拓扑联锁结构(TIS)是通过联锁块的几何布置实现稳定性和承载能力的结构组件,仅依靠接触力和摩擦力进行荷载传递。与梁状TIS不同,板状TIS的挠度通常不会超过砌块的高度。然而,板状TIS的挠度上限,这是定义其加载能量容量的关键参数,仍有待探索。在这里,我们建立了板状TIS挠度能力的理论上限,并概述了一个接近该上限的系统设计策略。该策略基于对接触界面进行工程设计,使非中心块体更多地参与结构响应,从而导致具有更高挠度的更全局和整体的变形模式。我们在一个典型的板状TIS的数值案例研究中证明了这种策略的应用,并表明它会导致350%的挠度增加,产生一个比文献中先前报道的更接近上限的值。我们发现,由此产生的偏转模式平等地接合所有块体,避免了局部滑动模式,并且类似于单片等效的偏转模式。最后,我们证明了该策略不仅使TIS的偏转能力最大化,而且使其加载能量能力最大化。
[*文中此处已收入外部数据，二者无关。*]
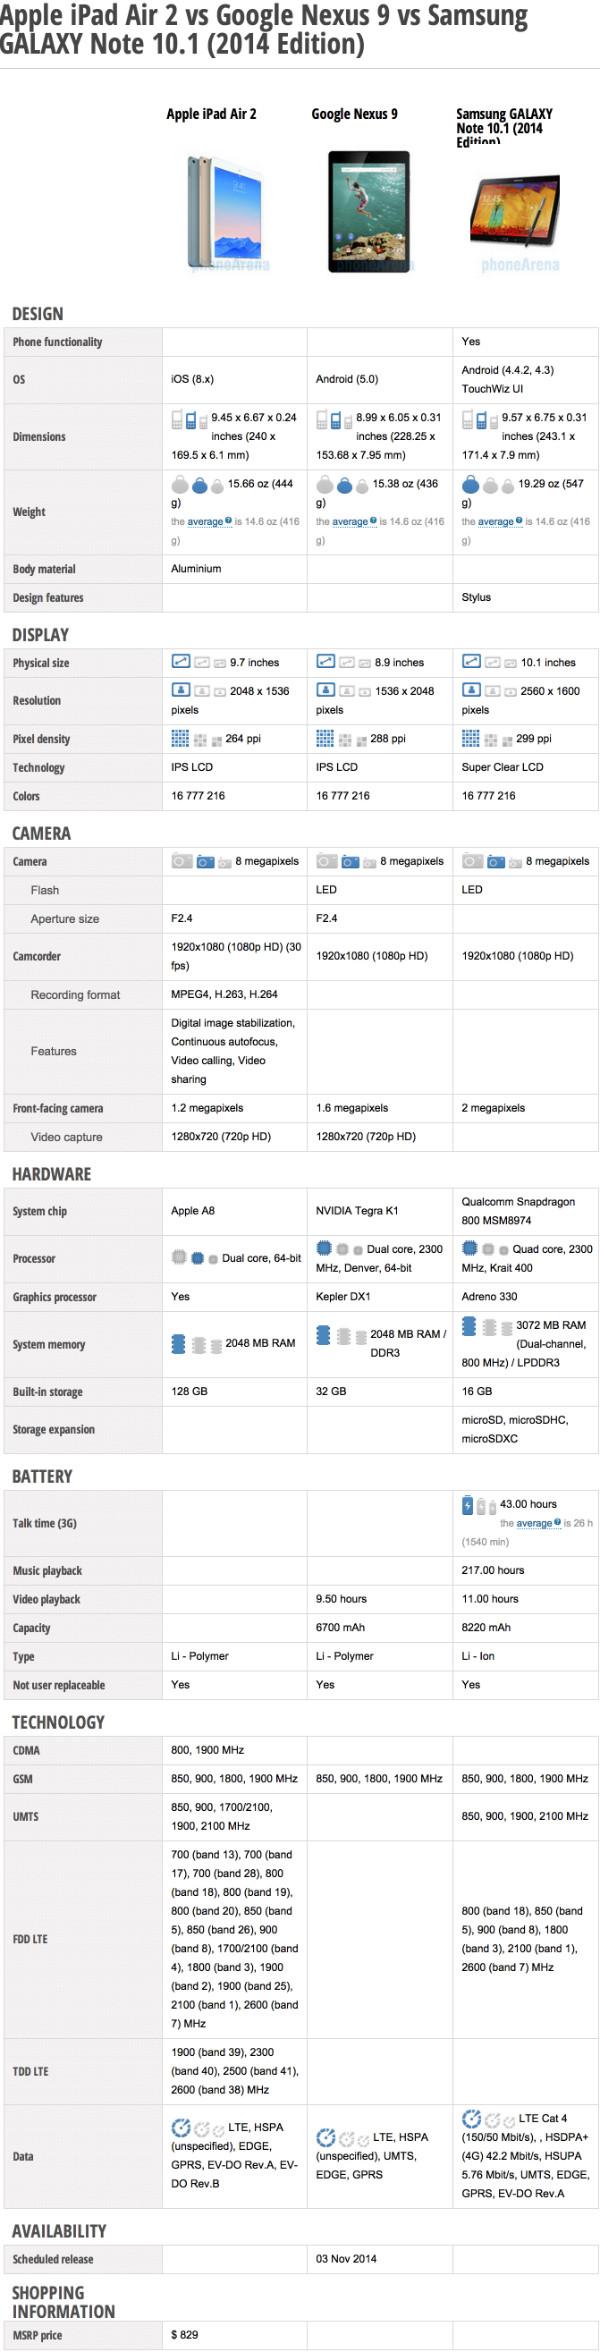 Apple iPad Air 2 vs Google Nexus 9 vs Samsung Galaxy Note 10.1 2014 edition specs comparison clash-w600

本文章由计算机程序翻译,如有差异,请以英文原文为准。
The deflection limit of slab-like topologically interlocked structures
Topologically Interlocked Structures (TIS) are structural assemblies that achieve stability and carrying capacity through the geometric arrangement of interlocking blocks, relying solely on contact and friction forces for load transfer. Unlike beam-like TIS, whose deflection never exceeds the height of the blocks, the deflection of slab-like TIS often does. Yet, the upper limit of deflection of slab-like TIS, a key parameter defining their loading energy capacity, remains unexplored. Here, we establish a theoretical upper bound for the deflection capacity of slab-like TIS and outline a systematic design strategy to approach this upper bound. This strategy is based on engineering the contact interfaces such that the non-central blocks are more engaged in the structural response, leading to a more global and holistic deformation mode with higher deflections. We demonstrate the application of this strategy in a numerical case study on a typical slab-like TIS and show that it leads to a 350% increase in deflection, yielding a value closer to the upper bound than previously reported in the literature. We find that the resulting deflection mode engages all the blocks equally, avoids localized sliding modes, and resembles that of monolithic equivalents. Lastly, we show that the strategy not only maximizes TIS' deflection capacity but also its loading energy capacity.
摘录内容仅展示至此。